### EXERCISE BRIEF
Look through the entries below for the line with "Puppy Love brings" and the line with "Four-Piece Rustic Farmhouse", then give again exactly those two lines and all lines between them, minus the pictures.

### SOURCE DATA
>>>>>

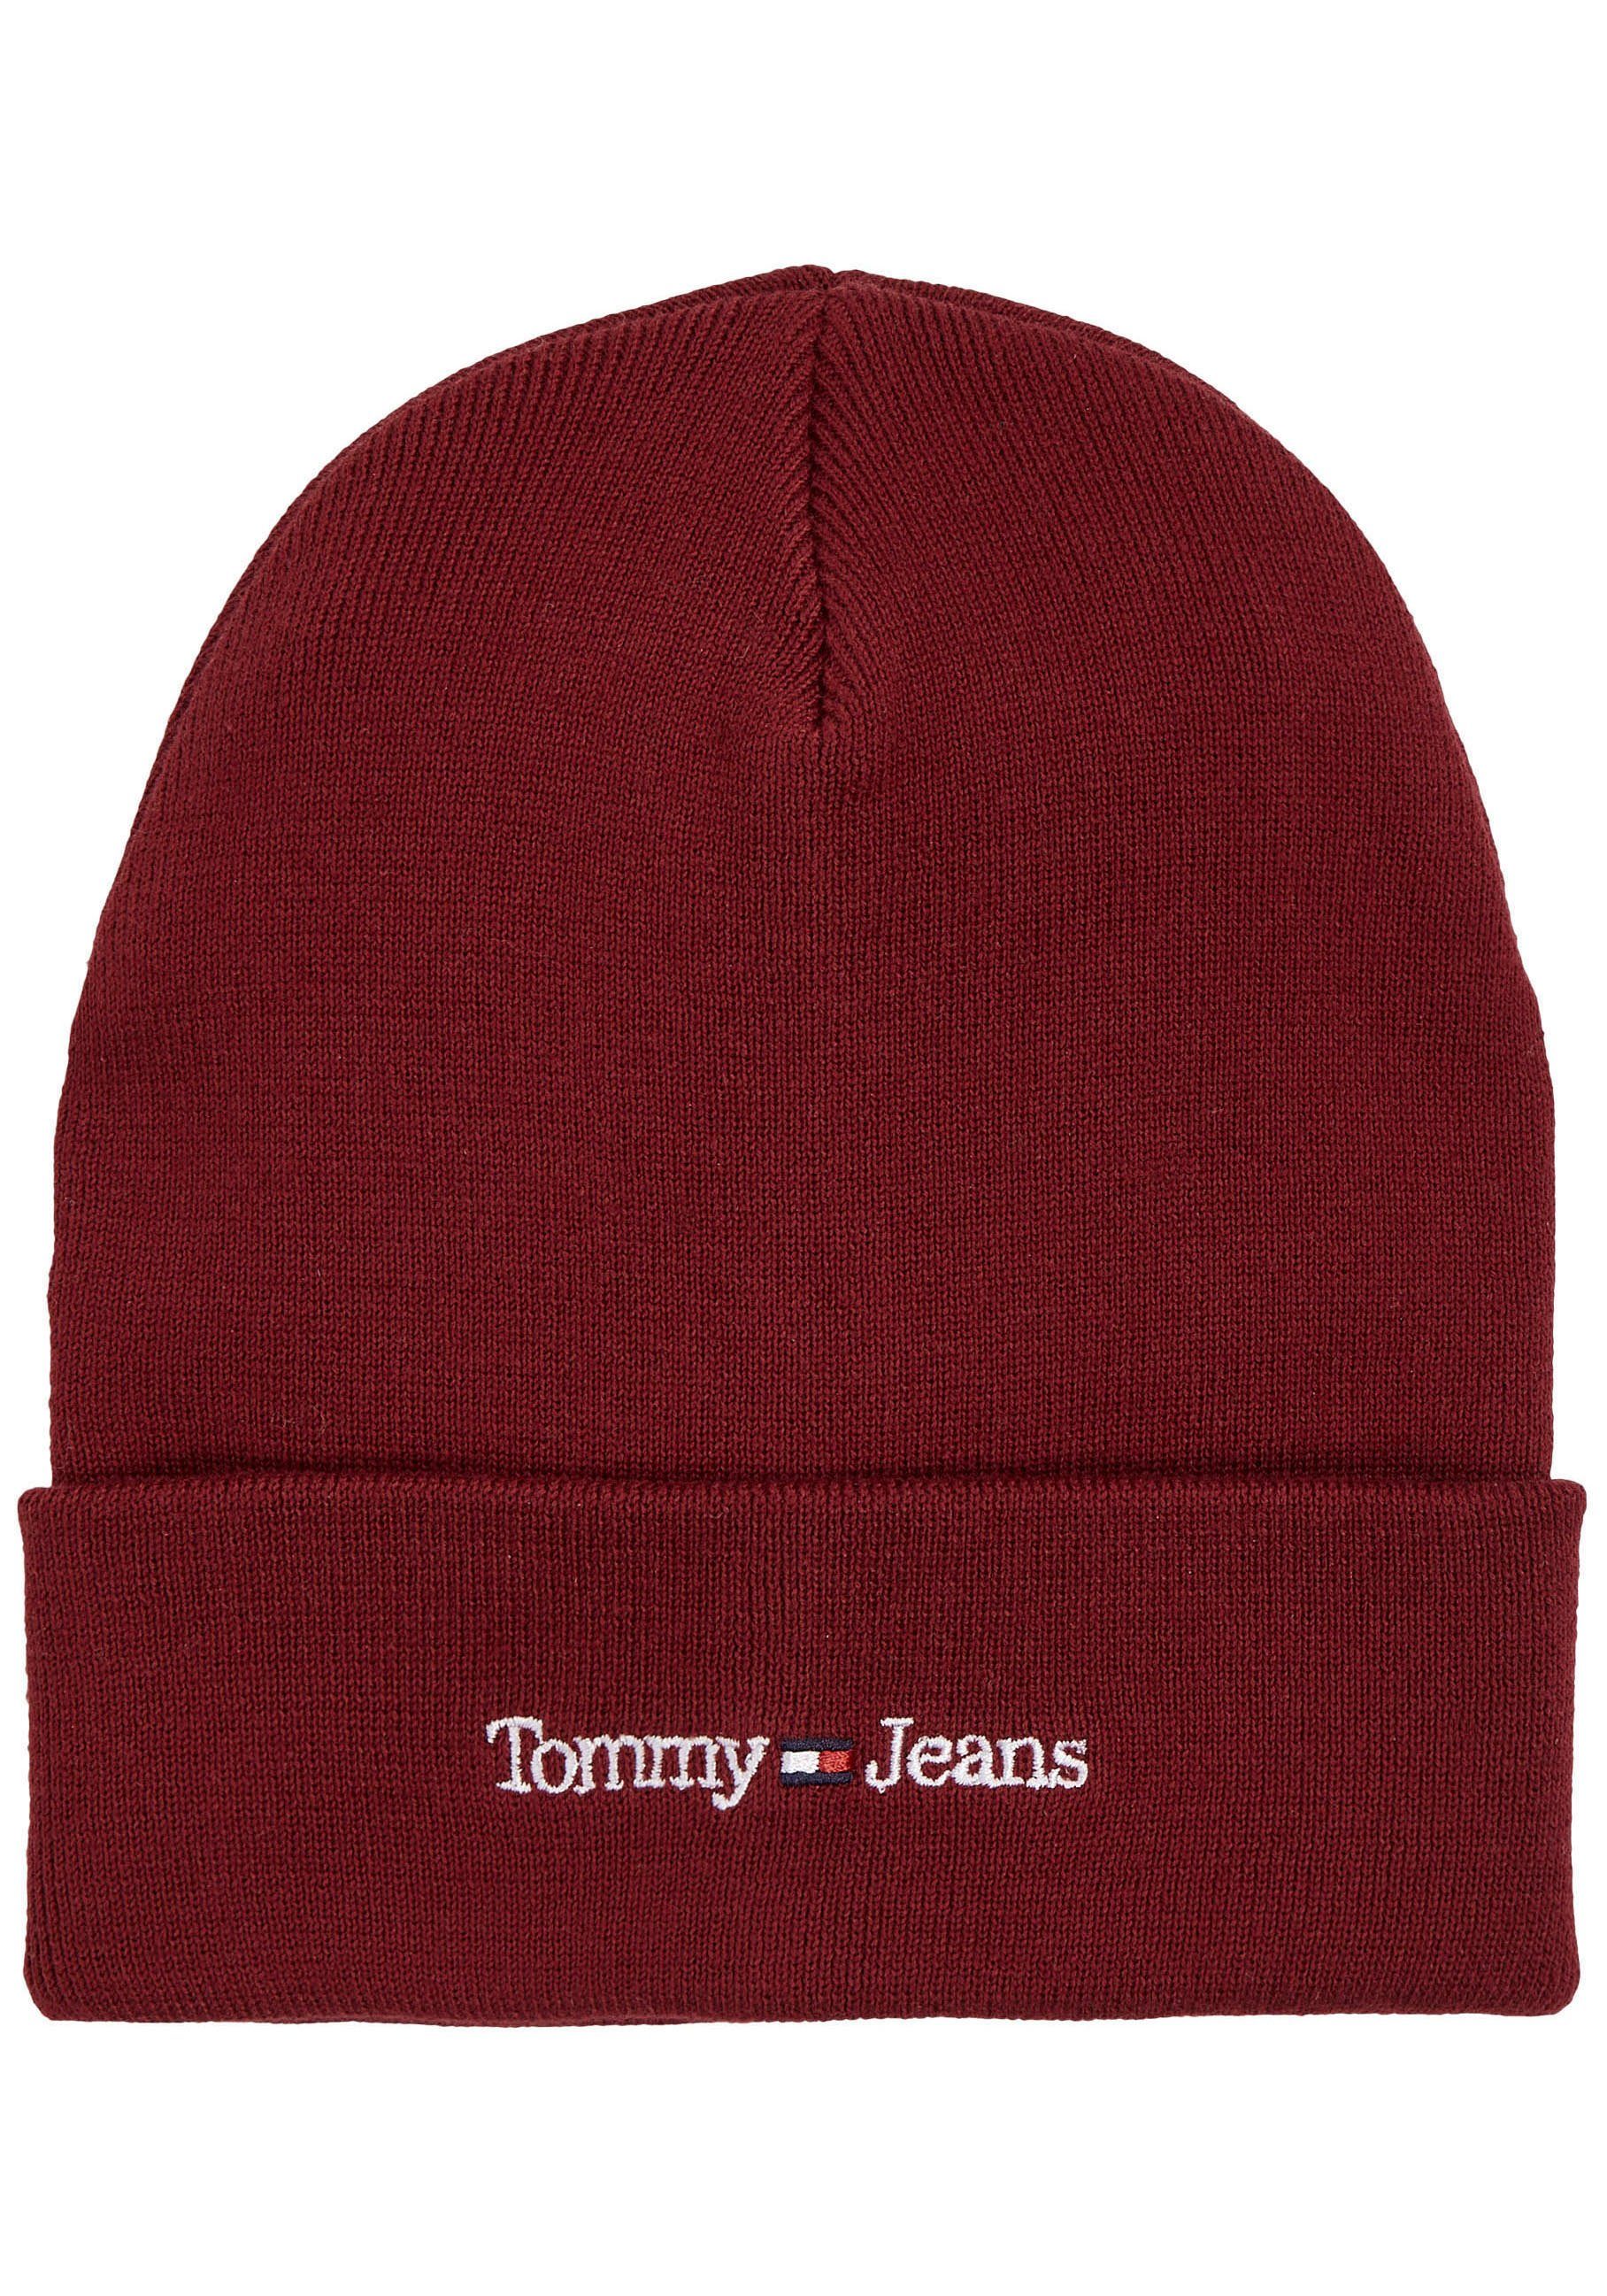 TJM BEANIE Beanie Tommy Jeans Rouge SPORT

<<<<<
>>>>>

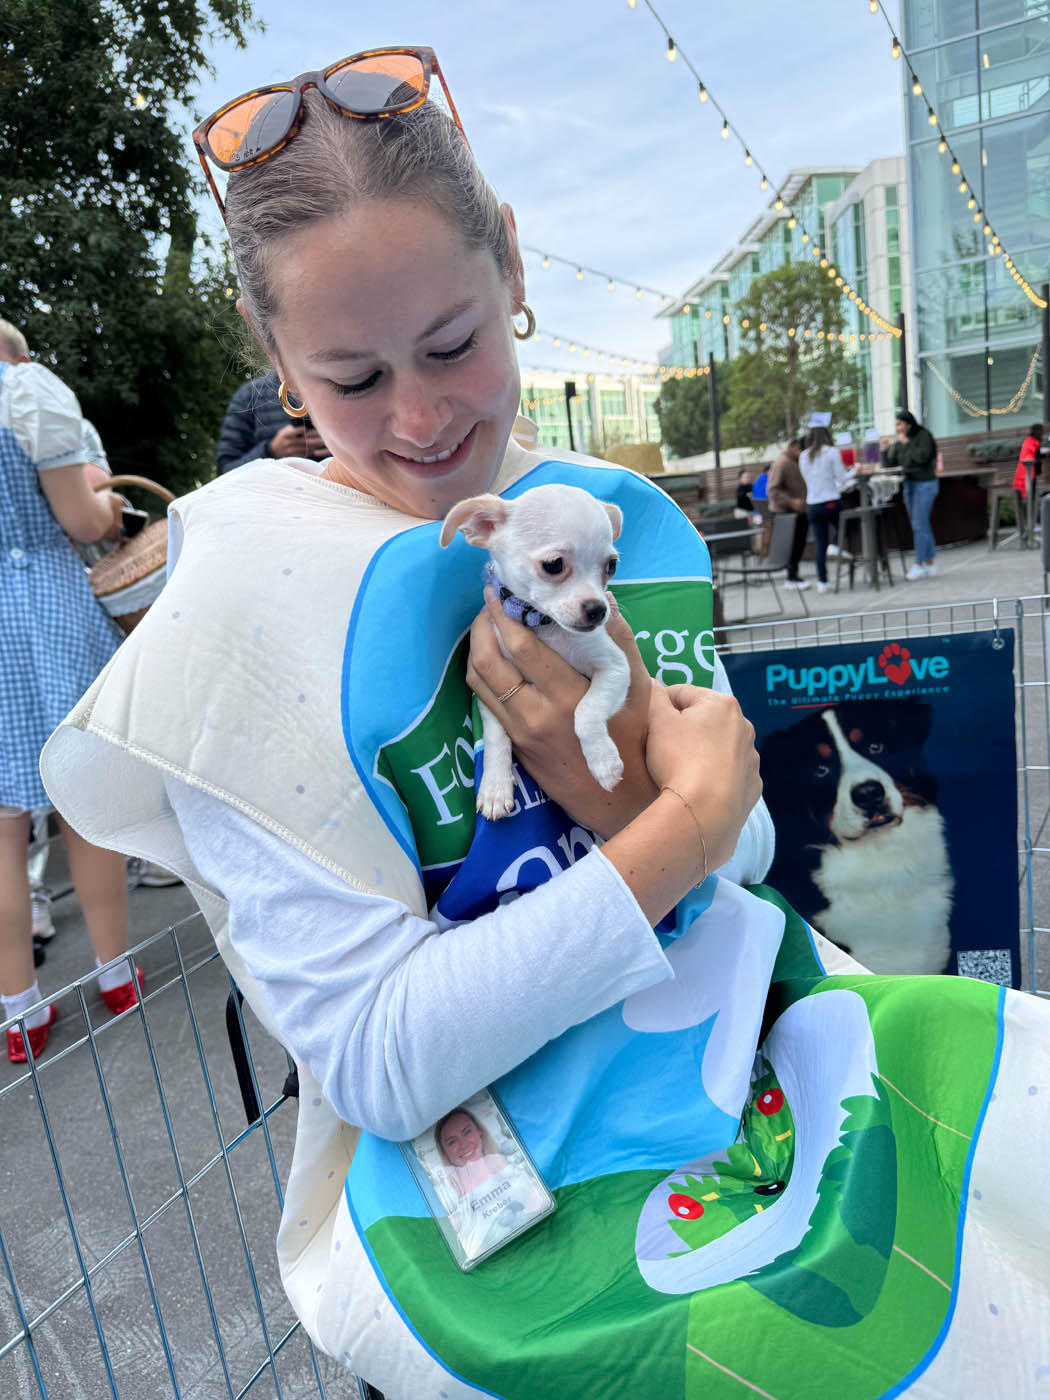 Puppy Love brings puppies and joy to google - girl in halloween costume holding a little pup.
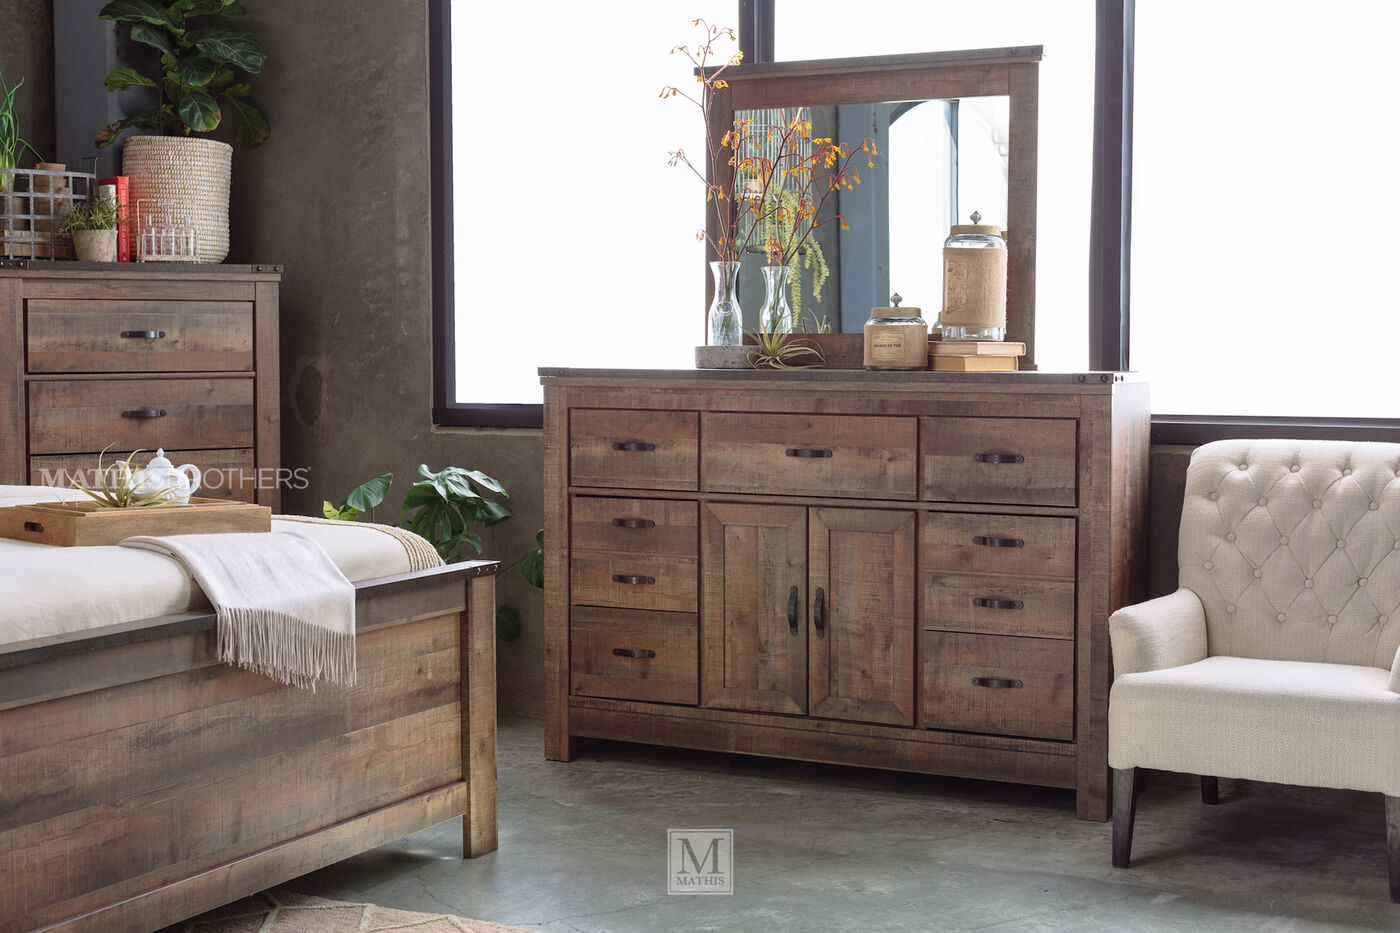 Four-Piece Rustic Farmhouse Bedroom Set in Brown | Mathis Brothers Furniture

<<<<<

### WORKED SOLUTION
 Puppy Love brings puppies and joy to google - girl in halloween costume holding a little pup.
 Four-Piece Rustic Farmhouse Bedroom Set in Brown | Mathis Brothers Furniture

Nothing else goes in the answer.